*** DATASET EXCERPTS ***

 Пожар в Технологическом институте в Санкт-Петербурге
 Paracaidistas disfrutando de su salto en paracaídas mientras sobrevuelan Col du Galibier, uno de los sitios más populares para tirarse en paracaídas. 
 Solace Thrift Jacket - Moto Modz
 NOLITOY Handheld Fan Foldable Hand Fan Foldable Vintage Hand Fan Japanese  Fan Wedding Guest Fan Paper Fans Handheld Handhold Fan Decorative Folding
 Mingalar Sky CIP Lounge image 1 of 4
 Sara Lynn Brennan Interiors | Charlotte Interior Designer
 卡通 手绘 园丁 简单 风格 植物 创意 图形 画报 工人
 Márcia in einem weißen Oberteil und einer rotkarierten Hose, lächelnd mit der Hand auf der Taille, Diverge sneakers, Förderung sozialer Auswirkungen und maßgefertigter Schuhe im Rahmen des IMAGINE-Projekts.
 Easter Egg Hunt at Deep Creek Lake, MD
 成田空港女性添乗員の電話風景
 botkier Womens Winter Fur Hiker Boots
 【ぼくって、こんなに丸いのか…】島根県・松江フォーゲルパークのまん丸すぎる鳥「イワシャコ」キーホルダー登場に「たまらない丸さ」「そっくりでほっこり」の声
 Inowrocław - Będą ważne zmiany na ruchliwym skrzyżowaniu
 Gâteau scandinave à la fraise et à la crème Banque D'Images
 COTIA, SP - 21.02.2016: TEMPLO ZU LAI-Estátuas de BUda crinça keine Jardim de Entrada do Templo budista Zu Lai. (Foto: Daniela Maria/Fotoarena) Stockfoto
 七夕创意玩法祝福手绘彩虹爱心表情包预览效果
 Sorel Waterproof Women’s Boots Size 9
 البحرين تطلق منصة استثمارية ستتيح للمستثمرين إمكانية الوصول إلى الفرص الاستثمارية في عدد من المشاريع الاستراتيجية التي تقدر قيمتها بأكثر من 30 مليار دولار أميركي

***

TASK DIRECTIONS: Repeat the entries above exactly, from the first line through the line containing "Solace Thrift Jacket - Moto Modz".

TASK RESULT:
 Пожар в Технологическом институте в Санкт-Петербурге
 Paracaidistas disfrutando de su salto en paracaídas mientras sobrevuelan Col du Galibier, uno de los sitios más populares para tirarse en paracaídas. 
 Solace Thrift Jacket - Moto Modz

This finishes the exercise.